Exercise: From the records below, output exactly the lines starting at the line with "The Indian Premier League 2022 trophy" and ending at the line with "silver rim wine glasses", both of them included, but no pictures.

Provided data section start

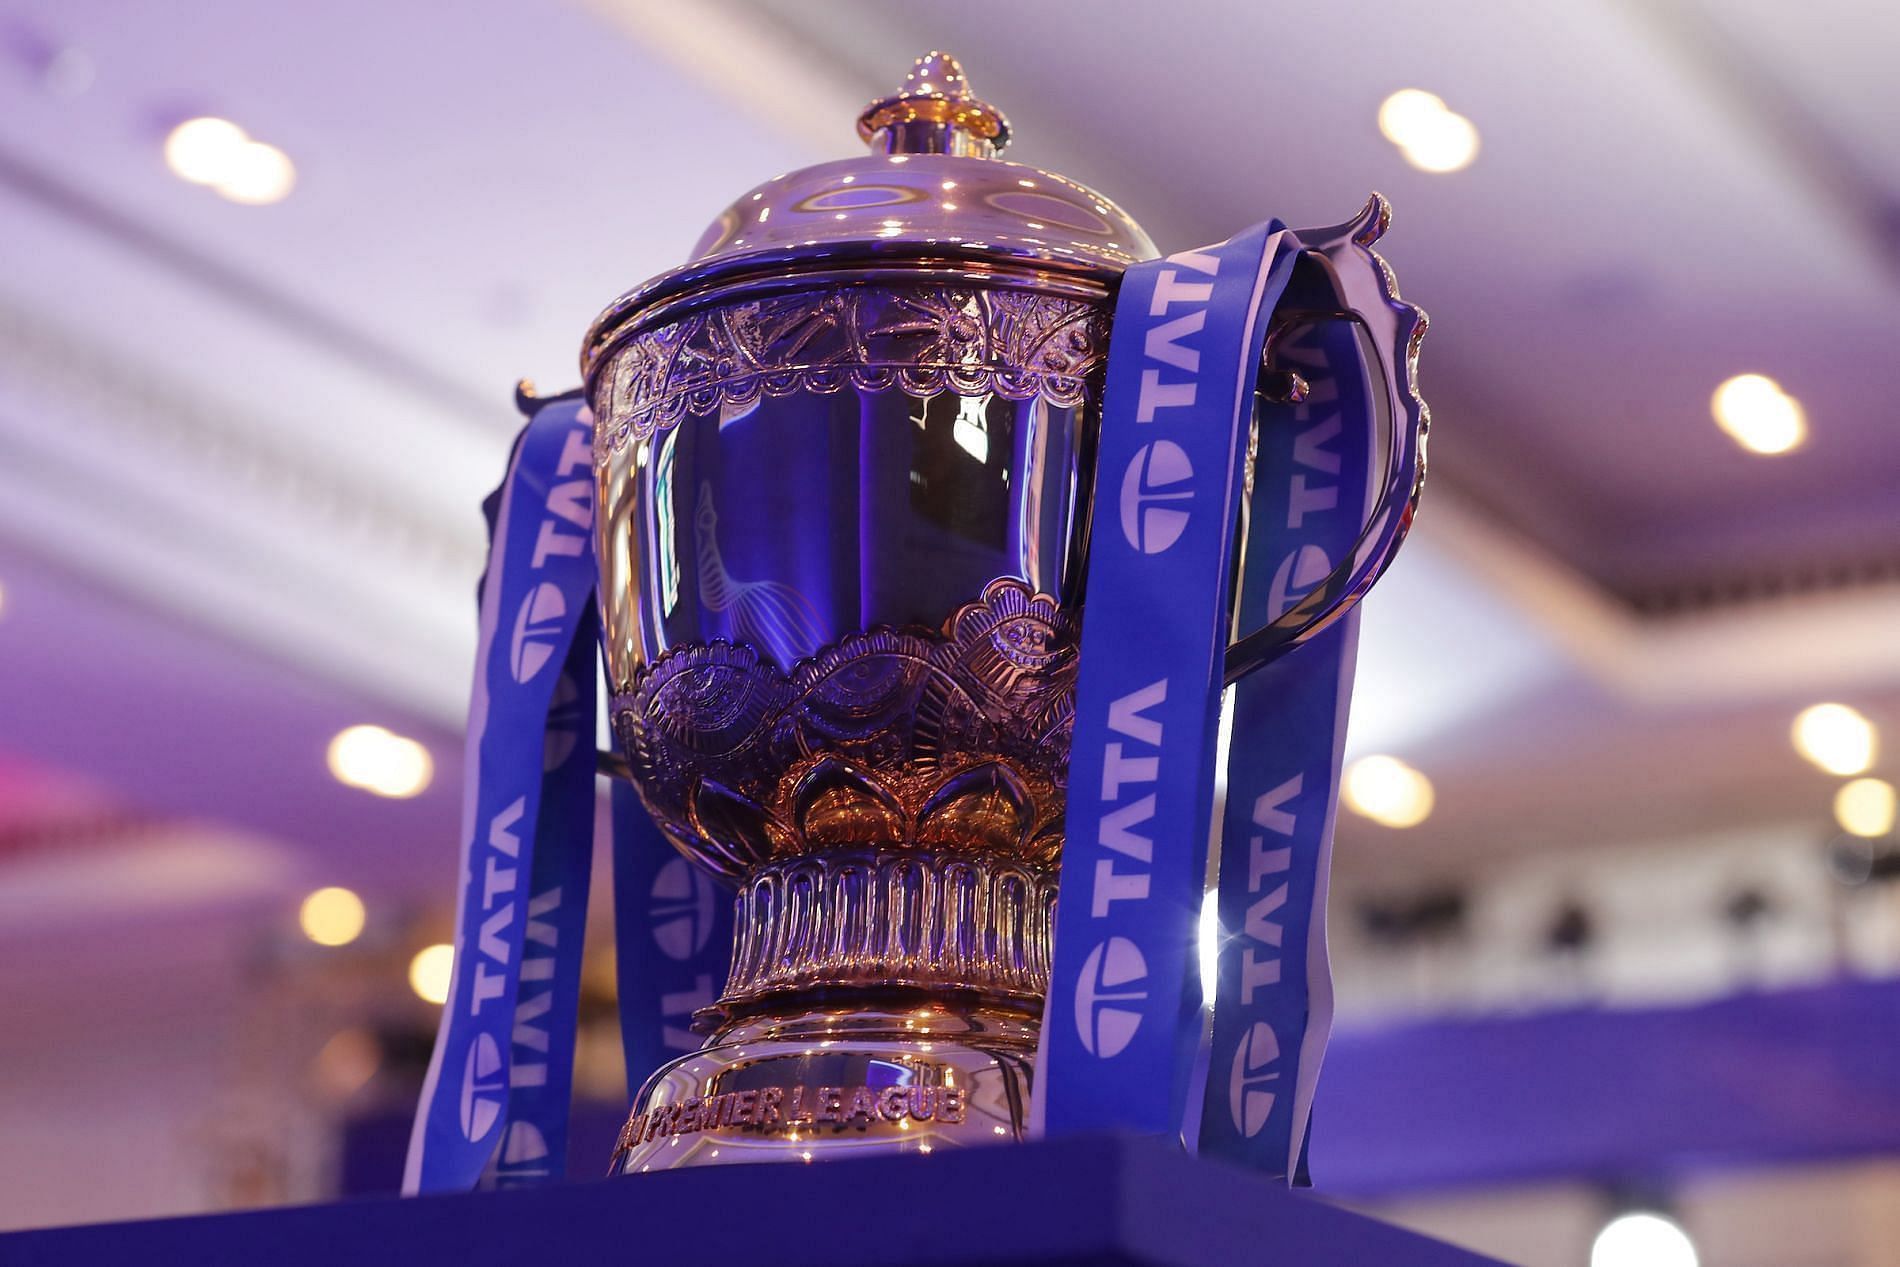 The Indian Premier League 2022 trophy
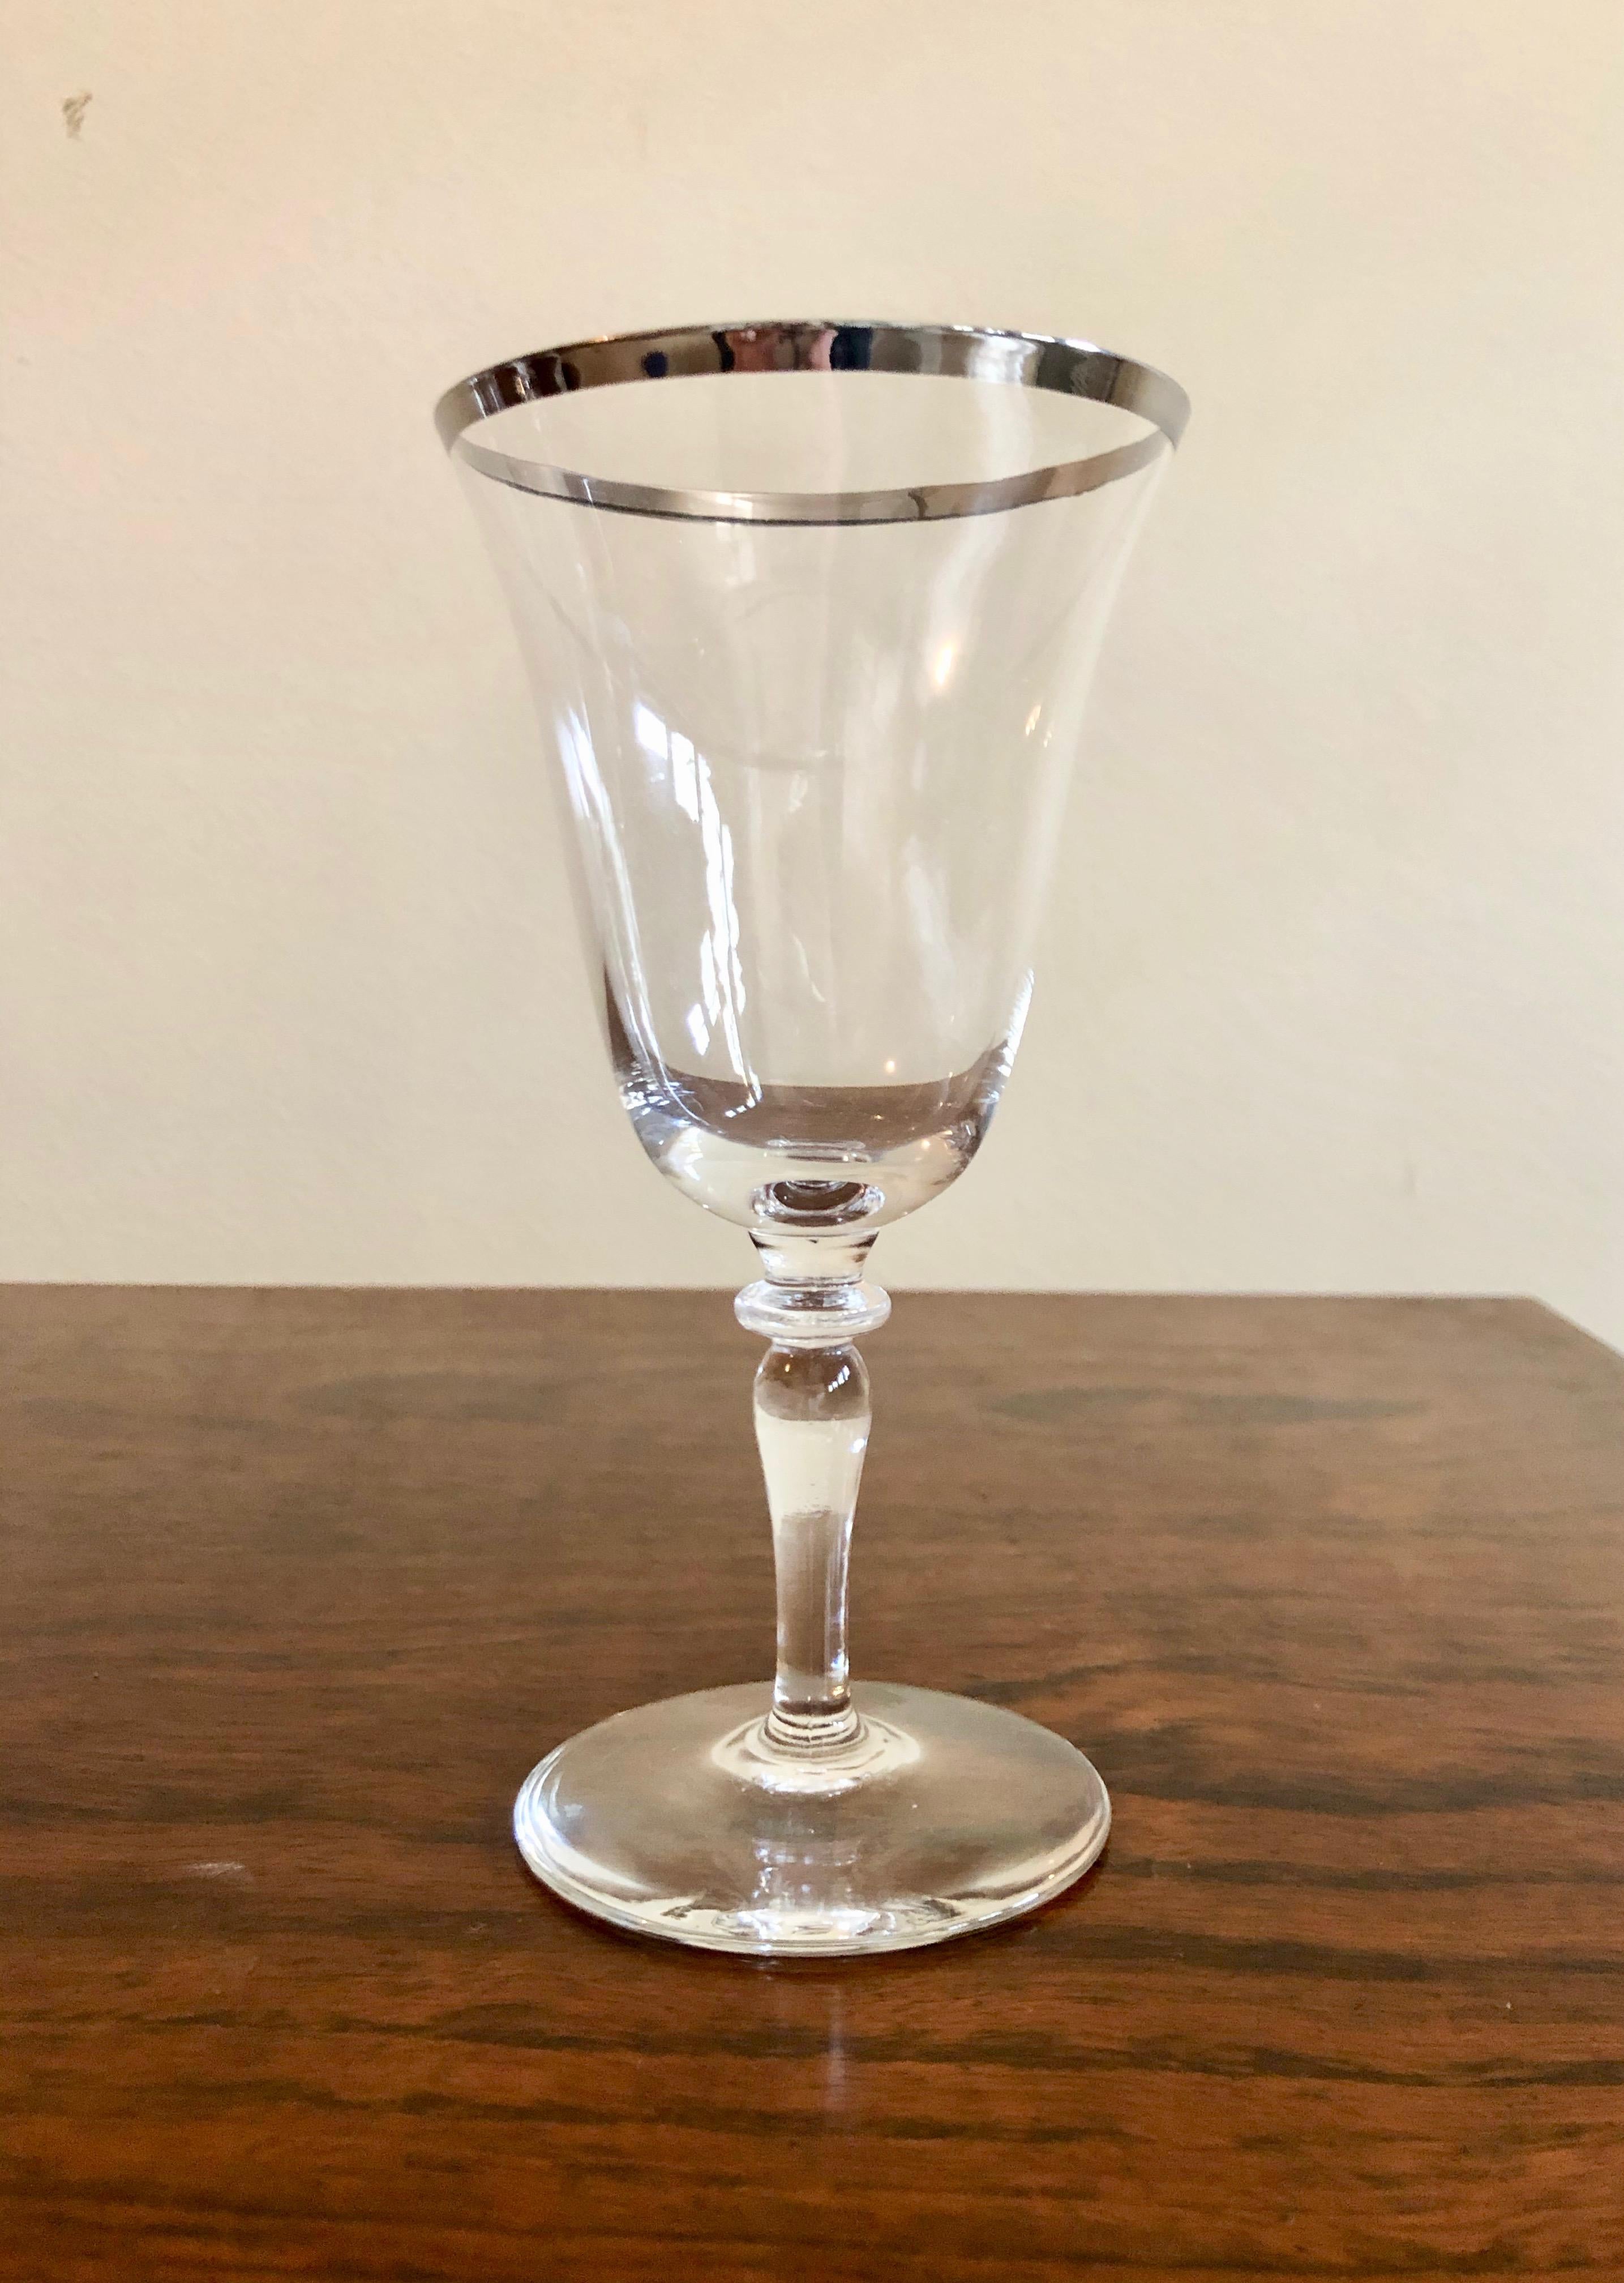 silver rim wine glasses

Provided data section end
Provided data section start

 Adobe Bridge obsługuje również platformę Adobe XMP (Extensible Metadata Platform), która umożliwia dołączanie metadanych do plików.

Provided data section end

Result:
 The Indian Premier League 2022 trophy
 silver rim wine glasses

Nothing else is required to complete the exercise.